Early Versus Traditional Oral Hydration after Cesarean Section

Document Type : Review Article

Authors

1 Ain Shams Maternity Hospital

2 Department of Obstetrics and Gynecology, Faculty of Medicine, Ain-Shams University, Cairo, Egypt

Abstract

Background: Traditionally, patients are not given fluids or food after surgery until bowel functions returns.
Aim: To evaluate prospectively benefits and safety of ear1y hydration on bowel movement after CS.
Materials and Methods: The current study was carried out at Ain Shams University Maternity Hospital on (290) pregnant women with term singleton pregnancy, uncomplicated Elective LSCS, time of CS doesn't exceed 90 Minutes, average blood loss during and after CS. All patients will be under spina1 anesthesia, during a period from March 01 to June 30, 2018.
Results: The current study showed that among study groups: time to first intestinal sounds and time to first bowel movement were significantly shorter in early group (3.8 ± 1.0 and 10.0 ± 1.9, respectively) compared to (8.1±1.7 and 15.0±2.1, respectively) in traditional group.
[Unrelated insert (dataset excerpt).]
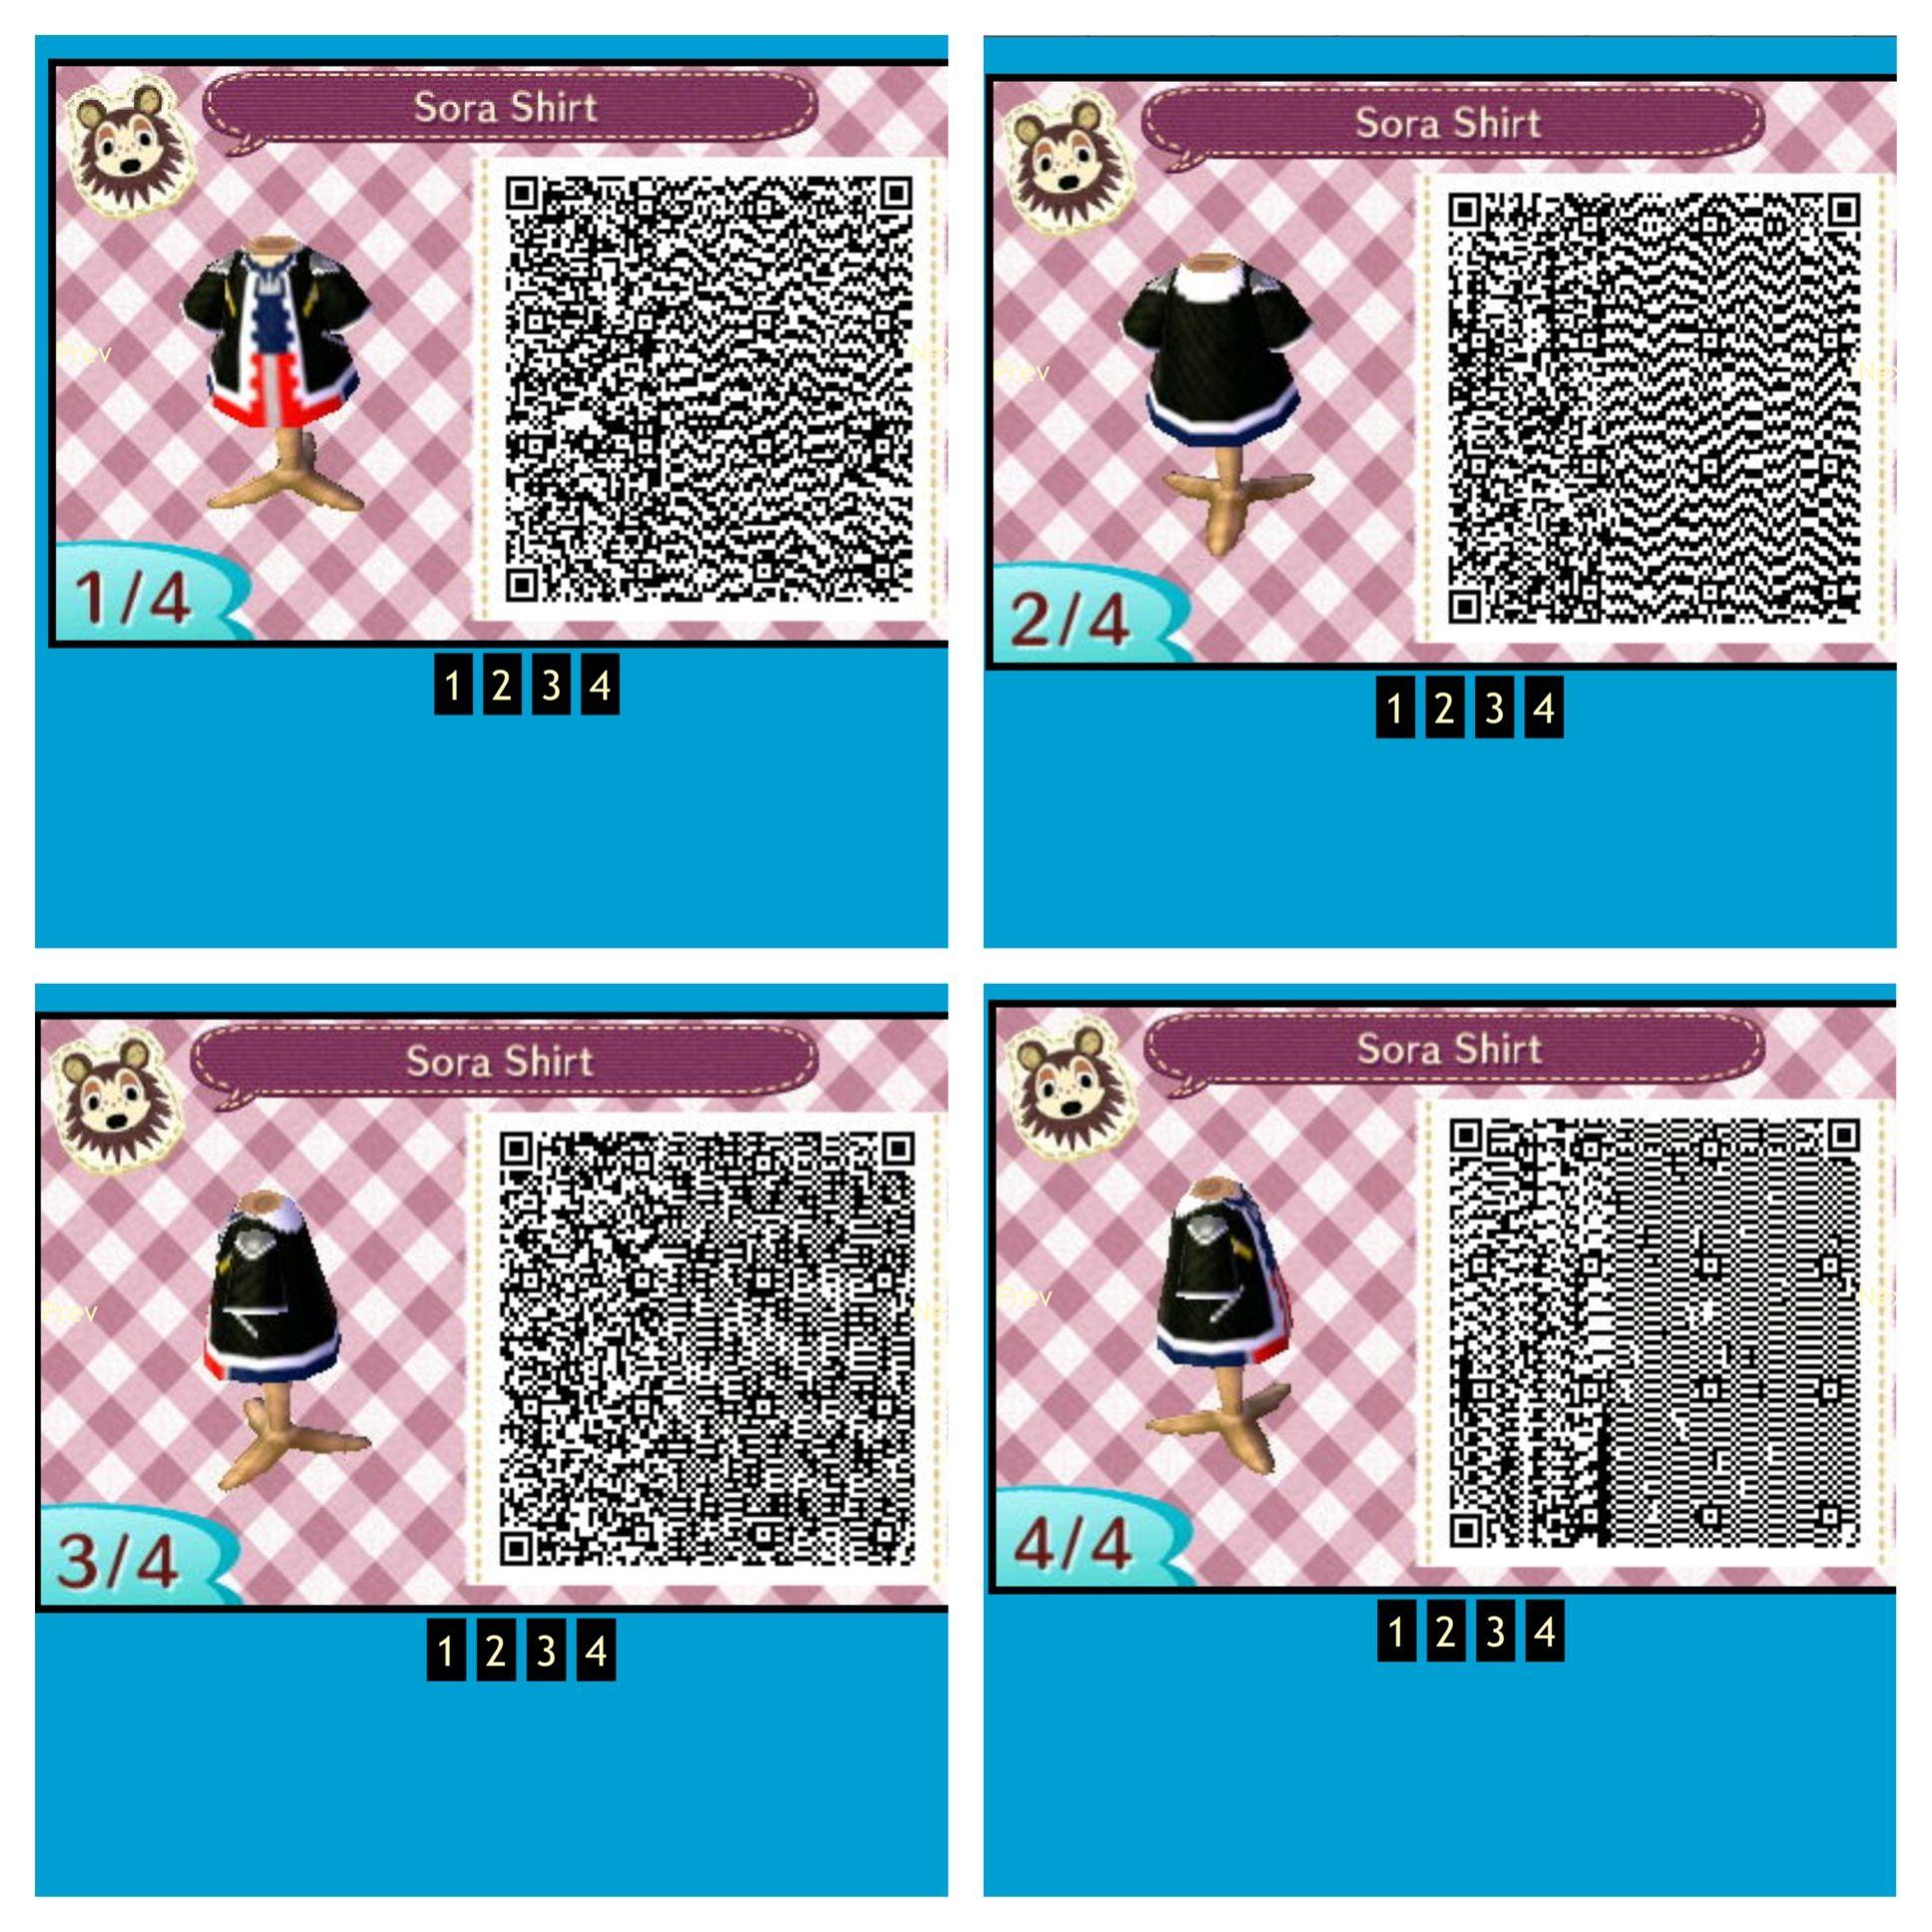 Animal Crossing New Leaf Qr Code Sora Shirt Animal Crossing Qr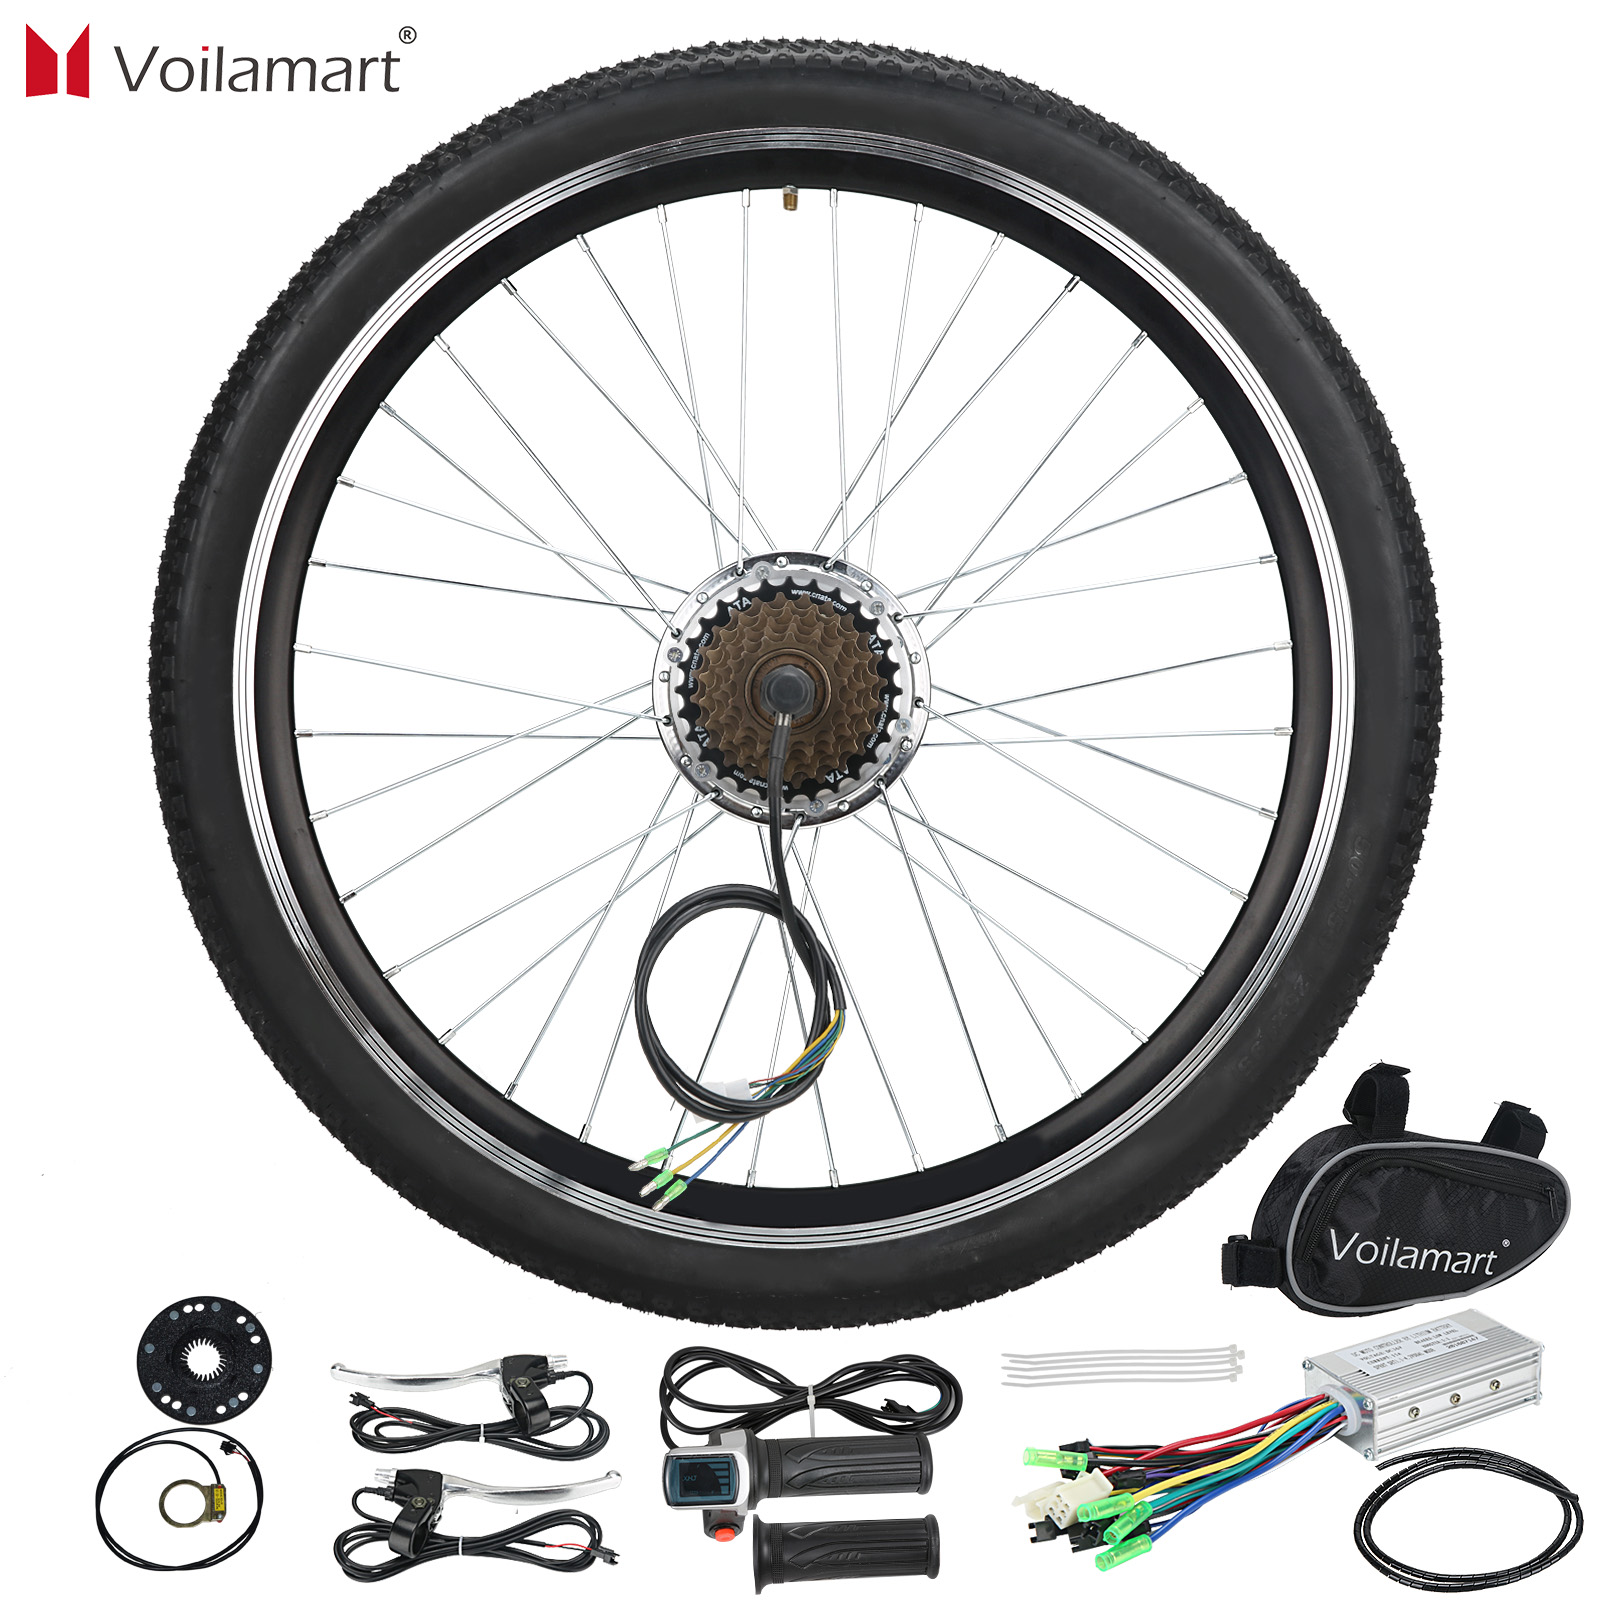 Voilamart 36V 250W Hinterrad Elektrische Fahrrad Motor Conversion Kit E Bike Radfahren Hub 26

Also, amount of given IV fluids was significantly lower (2000ML) compared to (3250ML) in traditional group. No cases of paralytic ileus had been recorded among study groups.
Conclusion: Early oral hydration after C.S was beneficial and safe on bowel movement, associated with faster return of bowel sounds, shorter time to bowel movement, less pain perception, higher satisfaction, less post-operative distension and earlier discharge.
Recommendations: Early oral hydration can be conducted safely after CS. More population should be investigated for more global evaluation.